TASK GOAL:
Find "Ultimate Guide of California Lilac 2068-40" in the material below, then copy that line and every subsequent line to the end, exactly.

─── SUPPLIED RECORDS

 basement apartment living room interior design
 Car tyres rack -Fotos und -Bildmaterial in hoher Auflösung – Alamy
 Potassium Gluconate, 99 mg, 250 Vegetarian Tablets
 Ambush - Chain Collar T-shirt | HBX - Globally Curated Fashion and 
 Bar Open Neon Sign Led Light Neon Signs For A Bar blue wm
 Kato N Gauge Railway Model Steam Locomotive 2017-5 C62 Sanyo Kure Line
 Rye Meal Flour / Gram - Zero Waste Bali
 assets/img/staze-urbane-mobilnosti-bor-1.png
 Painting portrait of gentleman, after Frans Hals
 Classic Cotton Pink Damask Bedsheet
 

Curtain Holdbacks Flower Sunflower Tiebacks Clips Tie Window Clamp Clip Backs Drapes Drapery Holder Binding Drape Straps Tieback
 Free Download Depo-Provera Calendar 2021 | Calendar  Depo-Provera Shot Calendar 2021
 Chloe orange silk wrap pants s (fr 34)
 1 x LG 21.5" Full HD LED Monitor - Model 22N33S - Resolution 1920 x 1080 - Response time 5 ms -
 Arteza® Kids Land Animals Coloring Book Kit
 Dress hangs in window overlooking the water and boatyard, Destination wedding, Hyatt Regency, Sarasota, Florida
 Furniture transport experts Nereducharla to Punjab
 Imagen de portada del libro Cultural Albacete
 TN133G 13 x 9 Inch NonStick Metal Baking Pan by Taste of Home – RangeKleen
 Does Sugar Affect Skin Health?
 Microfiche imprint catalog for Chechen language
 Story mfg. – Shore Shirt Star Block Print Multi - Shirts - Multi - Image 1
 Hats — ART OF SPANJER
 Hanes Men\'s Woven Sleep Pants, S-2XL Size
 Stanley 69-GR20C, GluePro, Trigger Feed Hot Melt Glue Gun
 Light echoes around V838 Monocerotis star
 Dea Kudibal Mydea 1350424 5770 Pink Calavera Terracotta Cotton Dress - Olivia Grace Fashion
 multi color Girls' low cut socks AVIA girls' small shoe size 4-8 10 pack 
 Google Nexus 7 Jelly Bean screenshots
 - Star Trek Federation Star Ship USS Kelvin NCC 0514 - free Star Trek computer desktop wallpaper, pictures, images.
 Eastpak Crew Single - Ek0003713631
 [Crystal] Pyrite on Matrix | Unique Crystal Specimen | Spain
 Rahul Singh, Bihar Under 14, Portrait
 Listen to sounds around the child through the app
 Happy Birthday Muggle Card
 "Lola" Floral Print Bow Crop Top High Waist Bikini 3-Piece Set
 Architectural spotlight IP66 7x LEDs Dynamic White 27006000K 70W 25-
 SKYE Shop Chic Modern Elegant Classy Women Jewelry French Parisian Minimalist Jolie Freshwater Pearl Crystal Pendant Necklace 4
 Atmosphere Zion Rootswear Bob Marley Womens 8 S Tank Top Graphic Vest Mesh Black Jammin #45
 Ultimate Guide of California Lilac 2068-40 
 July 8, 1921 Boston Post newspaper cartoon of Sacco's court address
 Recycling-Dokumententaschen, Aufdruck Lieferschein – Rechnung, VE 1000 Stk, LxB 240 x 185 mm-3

──────

SOLUTION TO THIS TASK:
 Ultimate Guide of California Lilac 2068-40 
 July 8, 1921 Boston Post newspaper cartoon of Sacco's court address
 Recycling-Dokumententaschen, Aufdruck Lieferschein – Rechnung, VE 1000 Stk, LxB 240 x 185 mm-3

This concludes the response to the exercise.